Norman Halsall

Aversion to gardening

Whomever said “You are closer to God in a garden, than anywhere else on earth” has obviously never been locked in mortal combat with my wife’s agonisingly venomous rose thorns, nor our neighbours’ rampantly expansionist ivy.
I am convinced that a memo has been passed around the horticultural kingdom, with my name, and possibly photograph, emblazoned on it, because they all seem to want to trip, scratch or clonk me on the head whenever I am in close proximity.



Caribbean Connection

I really don’t know how it all started, this infatuation with the Caribbean islands.
We were living in Breda, The Netherlands, when we first became involved.
Shirley, my wife and I had developed a system of ‘mass producing’ hand airbrushed tee shirts and kimonos, selling them primarily to large, prestigious department stores in Holland, Belgium and the UK.
The problem was that when we started to get interest from stores in the USA, they expected us to deliver thousands of garments in a very short time.

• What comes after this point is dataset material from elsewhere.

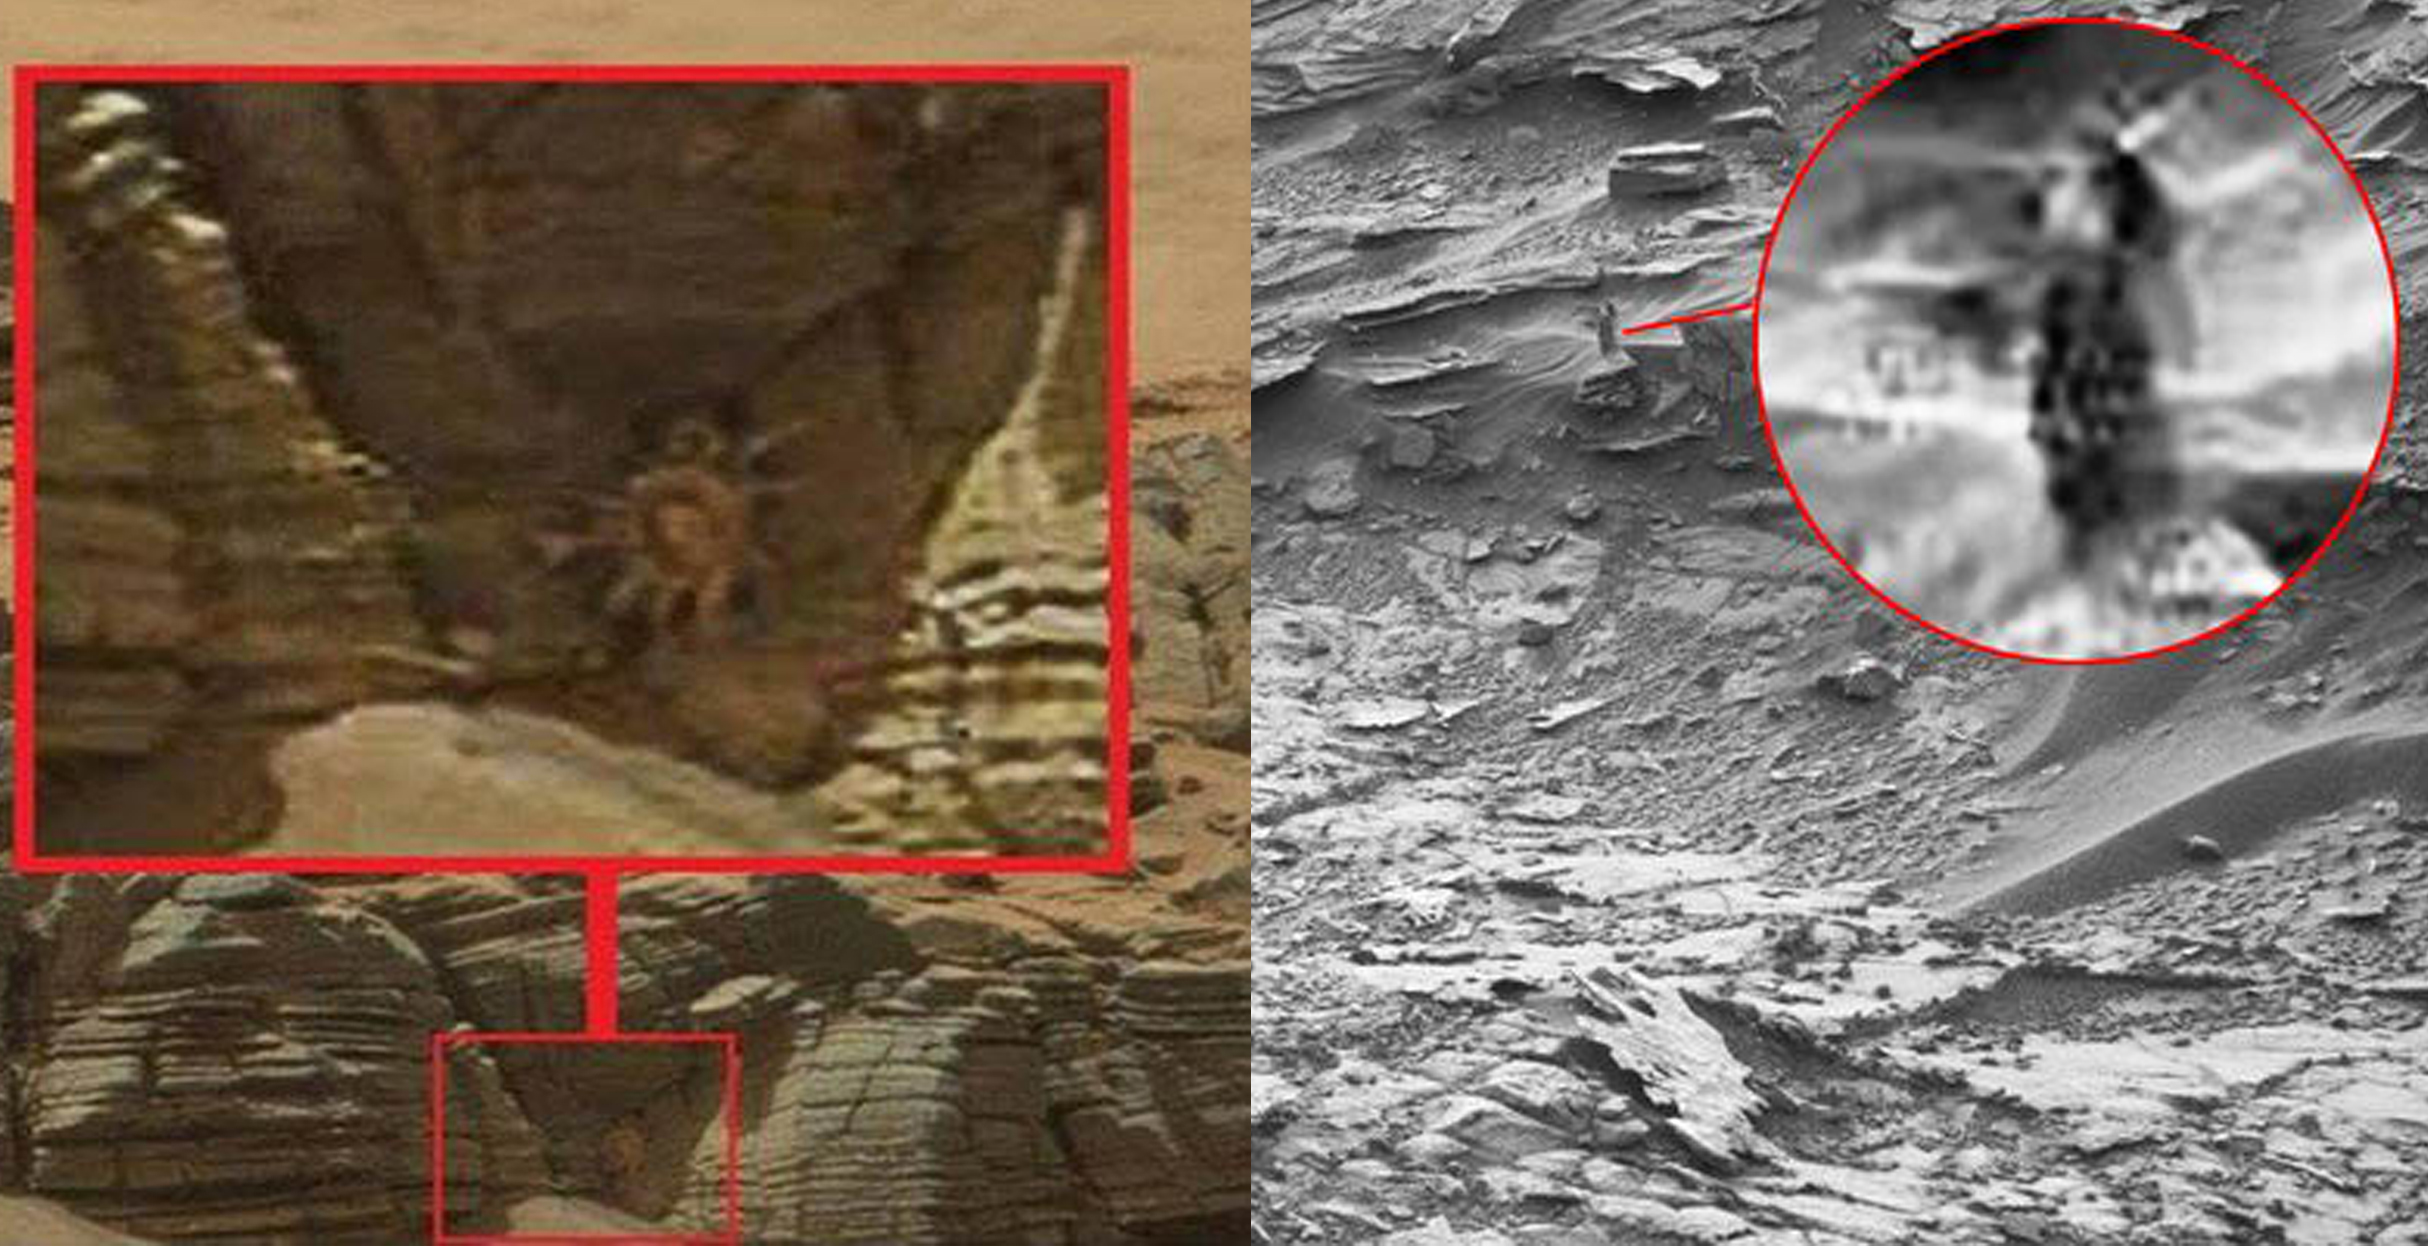 woman-like figure captured on Mars by NASA’s Curiosity rover

Two of us working frantically in our apartment’s back room could not hope to produce anything like that number.
So, on the advice of friends, off I went to Haiti, armed with a case-full of airbrushes and air hoses, to interview prospective artists and set up a production facility, in partnership with a Dutch expat who had a small factory there.
My arrival coincided with mass protests and the coup which ousted president Baby Doc Duvalier. My travelling companion and I escaped in the last two seats of the very last flight out of Haiti.
And still I returned to the Caribbean!

Our eldest son, Justin, bears the somewhat dubious honour of completing over 20 individual flights, before his 1st birthday
– mainly between West Indian islands.

We attempted to set up business links with the Caribbean, either finding products manufactured there which we could sell in Europe, or create our own products to sell throughout the Islands.
One time we created ‘Tropic Island Treasures’, three flavours of coconut and vanilla soap, manufactured by a prominent German company. Unfortunately the minimum order was 10,000 per flavour, and the only order we received was for 12 bars “to try”

My Grandad

Was an Inventor with a remarkably vivid imagination.

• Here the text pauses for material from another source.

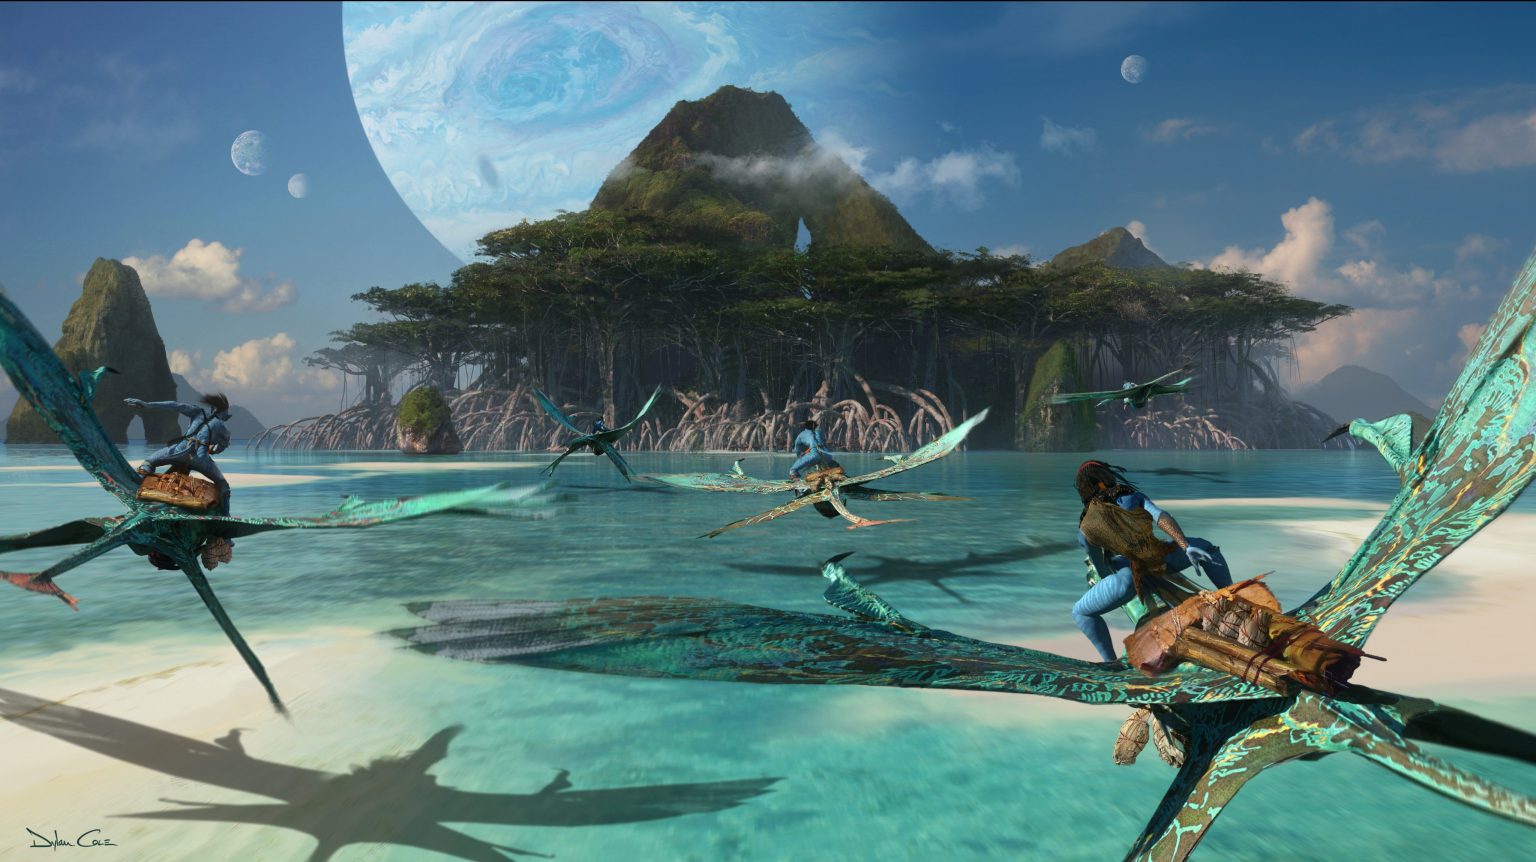 Underwater Avatar 2 Set Photos High Tech Advancements

He and a friend had invented a ‘collision avoidance’ device which stopped 2 railway engines, traveling on a collision course, from hitting each other. They were so convinced of its effectiveness, that they each offered to stand on the front of a locomotive, and have them run towards each other on the same line. The railway company declined!

I remember my mum telling me about an inventors’ exhibition her dad took her to as a child.
On stage was a man wearing a pair of spectacles – with windshield wipers!
The audience of fellow inventors cheered and applauded such a wonderful idea.
Then the man turned around, and on his back hung a most remarkable machine – a confusing array of levers, cogs and cables, all spinning and clunking and whirring to activate the windshield wiper blades.
Ah, what inspiration!!


My Mum

Often spoke to us in stories. Rather than question we children about something, or attempt to explain something salient, she would often start with something like, “You know, when I was a girl…” and go on with some meaningful anecdote intended to make her point.
It was she who told me many ‘granddad the inventor’ stories, and she told them so vividly that I can still clearly picture some of them now.


My Dad

Suffered from a sense of humour. There was rarely a smile or laugh, or silly remark far from his lips.
With his love for inspirational songs, he was a member of a local ‘Male Voice Praise’ choir. It was he who took me along faithfully to the rehearsals, performances and choir festivals. In the latter, we were part of massed choirs drawn from the whole country, singing in city auditoriums to audiences of several thousand.
Perhaps it is these experiences that taught me to feel completely at home on stage, especially in front of large audiences. 
Conversely, I really don’t do very well at parties or chatting with just a few people (just so you know!).